00:03:17.940 Because he wasn't able to put himself in the mind of the psychiatrist who would very reasonably be asking, hey, did you feel any remorse?
00:03:25.720 Did you feel any disgust?
00:03:26.880 Did you feel any aversion?
00:03:28.340 And basically, the killer said, I felt nothing.
00:03:33.500 So now let's move it to the assassin, the alleged assassin of Charlie Kirk.
00:03:39.680 What I would want to see, and I am willing to volunteer for that role, I would want to see a academic study of the process by which this kid's mind was parasitized.
00:04:00.840 So in the same way, for example, where in psychology of decision making, if you want to study what are the cognitive processes by which someone is coming to a decision, there's what's called the eye tracking methodology, where you literally can track a person's eyes, how they're going through an informational display board or how they're going through a website.
00:04:20.320 And actually, my former doctoral supervisor, Jay Russo, who's a cognitive psychologist and mathematical psychologist by training, has written papers on the eye tracking methodology.

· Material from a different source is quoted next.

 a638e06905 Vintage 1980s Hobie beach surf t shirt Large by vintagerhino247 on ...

00:04:33.360 And so here you are literally breaking down at the granular level.
00:04:37.360 How did you make a decision?

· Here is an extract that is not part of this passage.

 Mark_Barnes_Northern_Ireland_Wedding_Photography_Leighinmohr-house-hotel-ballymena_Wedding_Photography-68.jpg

00:04:39.480 What were the exact pieces of information that you looked at and in which order?
00:04:43.720 So I would want that kind of analysis, but in terms of the parasitology of this alleged assassin's mind.
00:04:54.240 How did you, what were the exact steps, the exact idea pathogens that parasitized your mind, that made you think that here I am, a 22-year-old kid, good background.

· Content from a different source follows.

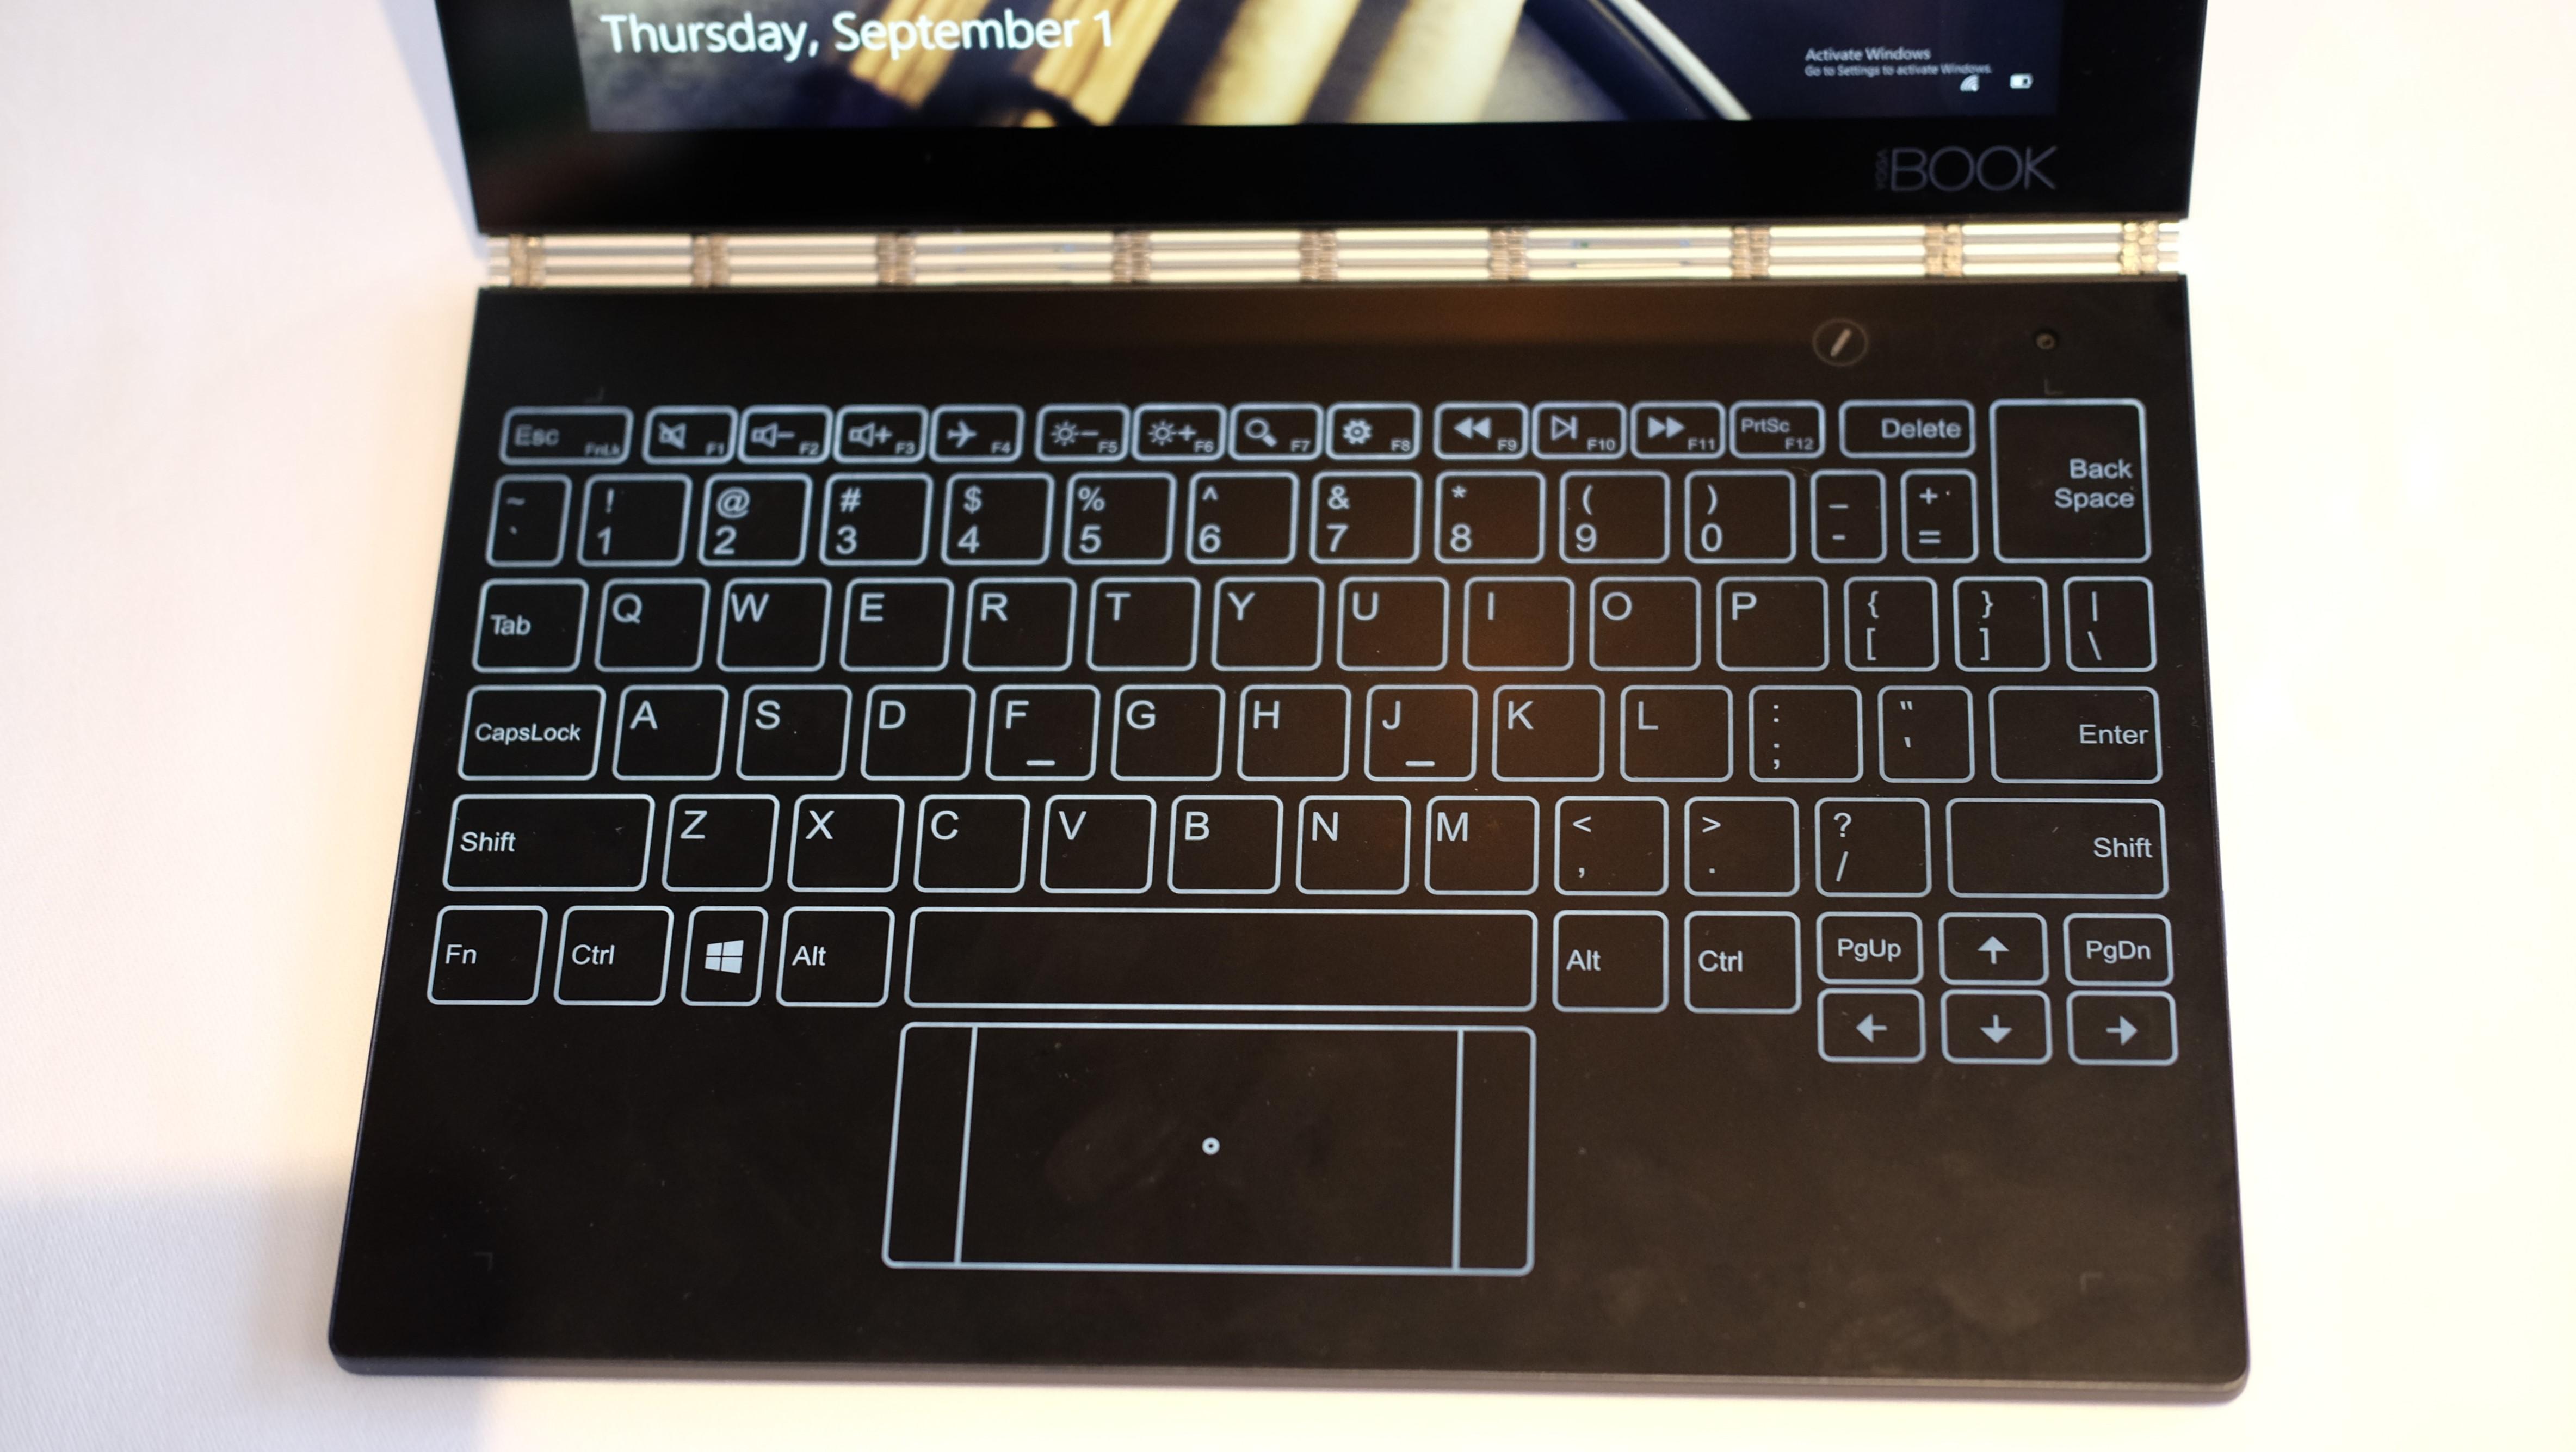 Tastaturet krever absolutt litt tilvenning.

00:05:10.060 I'm getting a full scholarship to university, I've got my whole life ahead of me, but the best decision that I could come up with moving forward on that fateful day two days ago is to go and assassinate a lovely human being with whom you may disagree on some points, but in a free society, all he's saying is, hey, let's talk.
00:05:36.760 Well, that 22-year-old assassin, his mind was disordered.
00:05:41.720 It was disordered in a way whereby he thought by him doing this, he's actually doing a great thing, right?
00:05:48.480 As I keep repeating to people and, you know, I'll get someone like Elon Musk fully agreeing, I always say, and remember again those words,
00:05:59.360 there is nothing in nature that is more dangerous than a parasitized mind.
00:06:05.260 All the great calamities of history are because someone had a bad idea, right?
00:06:11.540 Hitler thought, hey, there is a problem in the world, that problem is the Jews.
00:06:18.400 If I come along now and institute a mechanism whereby we eradicate that problem, then hey, the world would be a better place.
00:06:27.260 And so this 22-year-old got to where he got because of an orgiastic debauchery of parasitic thinking.
00:06:41.920 And so I really hope that as they sit and try to understand, you know, why he did what he did, that they really focus on that specific aspect.
00:06:52.800 It's not just about, you know, were you abused as a child?
00:06:56.280 Did your daddy hug you enough or not hug you enough?
00:06:59.180 Those are sort of the typical things that you look for.
00:07:01.860 No, no, no.
00:07:02.300 I want to understand.
00:07:03.500 I want to have a neuronal tracking of what led you to be the parasitized degenerate that you are.
00:07:11.940 Those are my first thoughts.
00:07:13.500 I wish you all a great weekend.
00:07:15.540 Shabbat shalom to everybody.